* Your assignment
Tell me, please, how many lines in the records below include the word "Silk". Give no more than the number.

* Information supplied
___
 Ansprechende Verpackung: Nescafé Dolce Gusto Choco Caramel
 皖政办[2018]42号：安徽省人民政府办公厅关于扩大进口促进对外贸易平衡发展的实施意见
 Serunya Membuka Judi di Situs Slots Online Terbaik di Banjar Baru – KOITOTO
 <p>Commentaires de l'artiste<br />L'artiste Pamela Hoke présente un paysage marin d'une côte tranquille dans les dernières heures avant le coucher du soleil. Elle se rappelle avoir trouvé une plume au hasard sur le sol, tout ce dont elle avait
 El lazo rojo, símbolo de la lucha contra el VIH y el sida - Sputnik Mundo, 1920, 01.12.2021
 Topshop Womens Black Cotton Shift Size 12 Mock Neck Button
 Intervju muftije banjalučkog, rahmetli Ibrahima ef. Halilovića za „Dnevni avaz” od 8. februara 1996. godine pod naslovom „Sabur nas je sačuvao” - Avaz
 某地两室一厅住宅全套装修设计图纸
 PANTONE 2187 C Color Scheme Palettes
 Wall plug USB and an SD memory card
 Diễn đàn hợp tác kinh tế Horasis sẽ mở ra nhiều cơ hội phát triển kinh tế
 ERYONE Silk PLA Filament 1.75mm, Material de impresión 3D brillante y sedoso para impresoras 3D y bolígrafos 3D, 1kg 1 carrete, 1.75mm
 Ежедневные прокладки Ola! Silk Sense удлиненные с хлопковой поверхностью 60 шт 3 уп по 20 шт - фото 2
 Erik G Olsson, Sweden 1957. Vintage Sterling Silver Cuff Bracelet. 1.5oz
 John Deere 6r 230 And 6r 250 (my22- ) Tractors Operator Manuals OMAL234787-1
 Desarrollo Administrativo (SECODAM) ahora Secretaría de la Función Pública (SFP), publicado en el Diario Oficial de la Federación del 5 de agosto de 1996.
___
* Output below
2